Pretty much every person I know who chooses to cultivate a daily life they love eventually reaches similar roadblocks.
Sure, there are the common side effects of our choice to live a conscious life: our wardrobe no longer fits our lifestyle, or we hate the dishes we eat off of every night, or we shed so much clutter that at times our closets and cupboards feel a little too bare.
We realize that we’ve outgrown people – friends, family members, communities. It may seem as if we have no tribe to support us when this happens, and this can feel a little lonely, even if we have faith that we will soon find the right folks to repopulate our lives.
There’s another side effect, though, that I’ve noticed that isn’t just detrimental to your personal progress, but also damaging to your tender (and newly vulnerable) heart and soul: the tendency to pick over past actions, failures and mistakes and berate yourself over how you could have done better.
“Finish each day and be done with it. You have done what you could. Some blunders and absurdities no doubt crept in; forget them as soon as you can. Tomorrow is a new day. You shall begin it serenely and with too high a spirit to be encumbered with your old nonsense.”
–Ralph Waldo Emerson
We look at a younger version of ourselves and can’t believe we were that ignorant.

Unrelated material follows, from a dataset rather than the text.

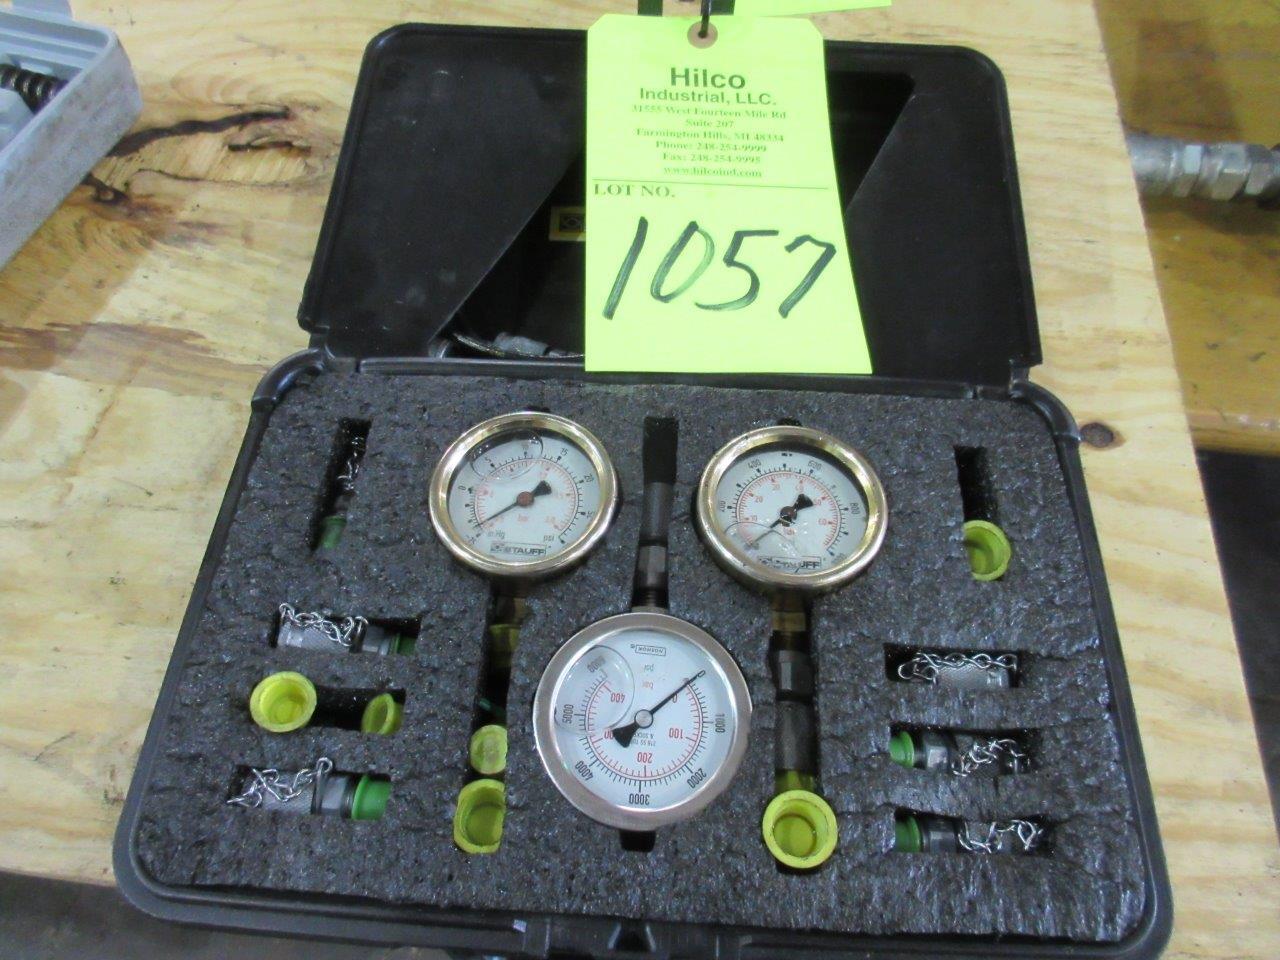 Lot 1057 - Stauff, Pressure Check Test Kit Hand Tools

We worry about all the people we impacted negatively during those years – our children, our spouses, our friends, our neighbors. We dwell on how we could have done a better job at being a mother or father. We focus on how we could have been more loving and accepting and aware of the pain someone was going through and how we should have been more help.

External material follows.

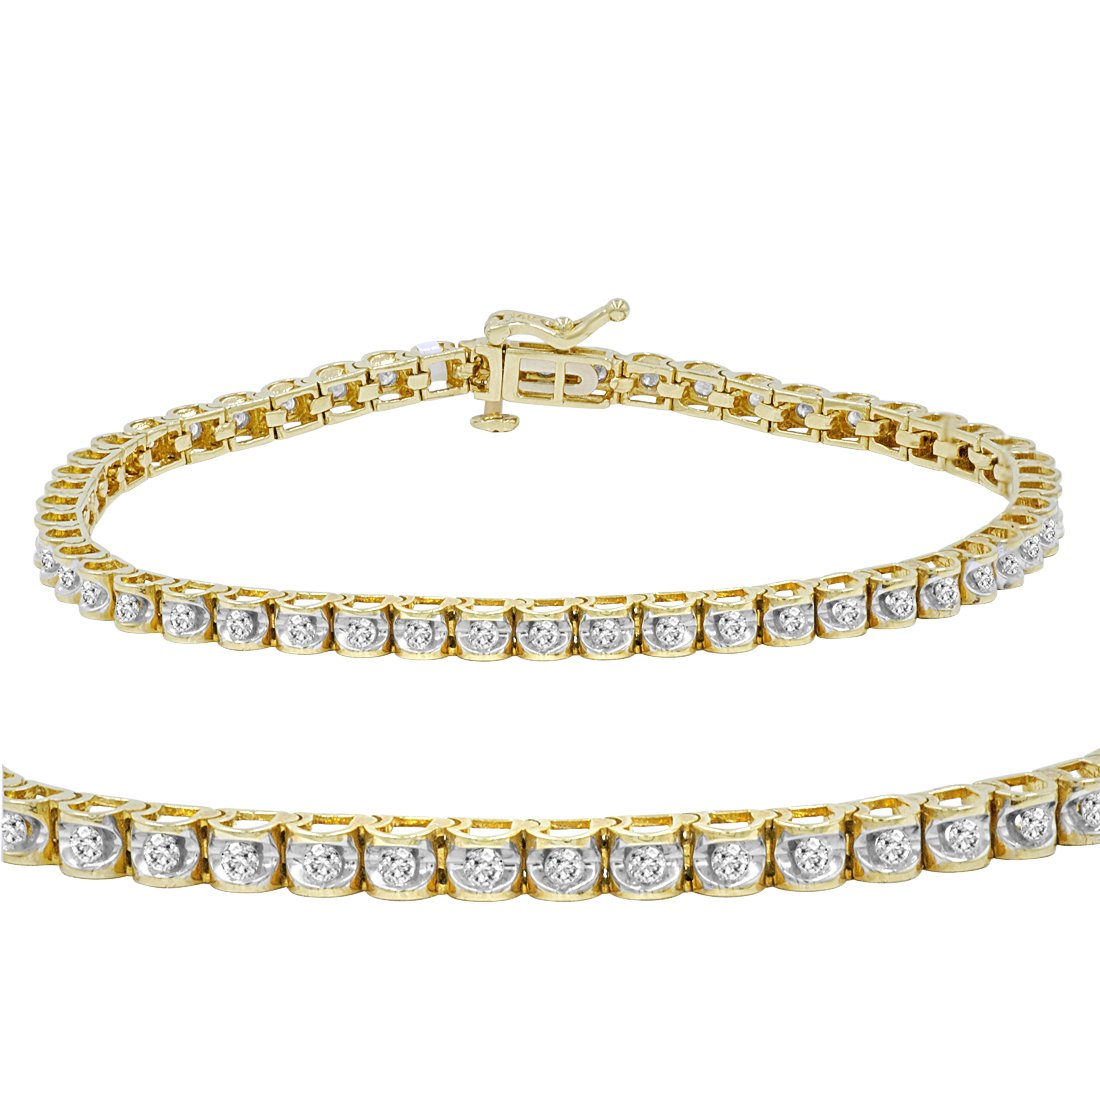 AGS Certified 1 ct tw Diamond Tennis Bracelet in 14K Yellow Gold 7 inch

We obsess over how much of our life we wasted by sleep-walking through it.
I get it. I know that when we finally wise up and see different and better ways of living, the numerous ways we could have lived better, made smarter decisions or treated others more kindly will crop up.
For me personally, just the knowledge I’ve gained on how food affects our bodies has me cringing when I think of the meals I used to put on the table as a parent to small children. But of course the meals are small potatoes compared to some of the mistakes I made as a mom.
I’ve tormented myself over how I could have done better. I can’t tell you the number of times I have wished that all of these beautiful coaching skills (and the wisdom) I have acquired in the last decade were a part of my toolbox twenty years ago when my girls were little.
But let’s be honest here, shall we, darling? Those mistakes we all made in the past? That’s precisely how we gained some of the wisdom we have now.
I come from a professional background in Quality Assurance, so my natural go-to with failures and mistakes is to evaluate for lessons learned and corrective measures to take. While this is a good practice in awareness ( especially lessons learned) we can’t go back years and apply the corrective measures.
Because wisdom and awareness don’t form a time machine that allows us to undo stuff. Instead, they become vehicles for growth and change.
The deeper truth is that when you begin going down the road of beating yourself up and focusing on the mistakes and failures of the past, it’s easy to get lost there. We can become so lost in all the things we did wrong that we lose sight of the fact that we did a hell of a lot of good and right things, too.
To lose ourselves in that past doesn’t honor our journey – and it does nothing for allowing those lessons to grow into wisdom and inspiration to move forward. It keeps us stuck and stagnated.
It sets us up for going back to old ways of living that we chose to leave behind us.
The best way I know to deal with our own past is to make peace with it. To understand that while we acted out of ignorance or exhaustion or frustration, the actions weren’t done from a desire to hurt someone we love nor were the actions malicious.
We were doing the best we could with the tools we had at the time.
Though I’ve used this mantra to help some of the healing of those childhood wounds, including forgiving my mother, that grace has to extend to myself: I did the best I could with the tools I had at the time.
The biggest gift you can give your past is to allow yourself to honor all the pieces of your journey. Yes, examine the past for lessons learned, but don’t wallow in it. Yes, look back upon the person you were a decade or two ago, but also celebrate how you’ve grown and shifted.
Life gives us many lessons over the journey. Offer yourself grace and celebrate how far you’ve come.
The fact that you are berating yourself for things you did (or didn’t do) in the past is actually a good sign: it means you know how to give and receive love. If you didn’t, you wouldn’t be able to feel like you didn’t do a good job. After all, we don’t think less of babies for being born without the ability to walk. We embrace the fact that they will learn first to crawl, then to stand, and then to take their first steps into the world.
A part of creating a life that feels loving, nourishing and supportive is the choice to leave the past – especially our mistakes – behind us.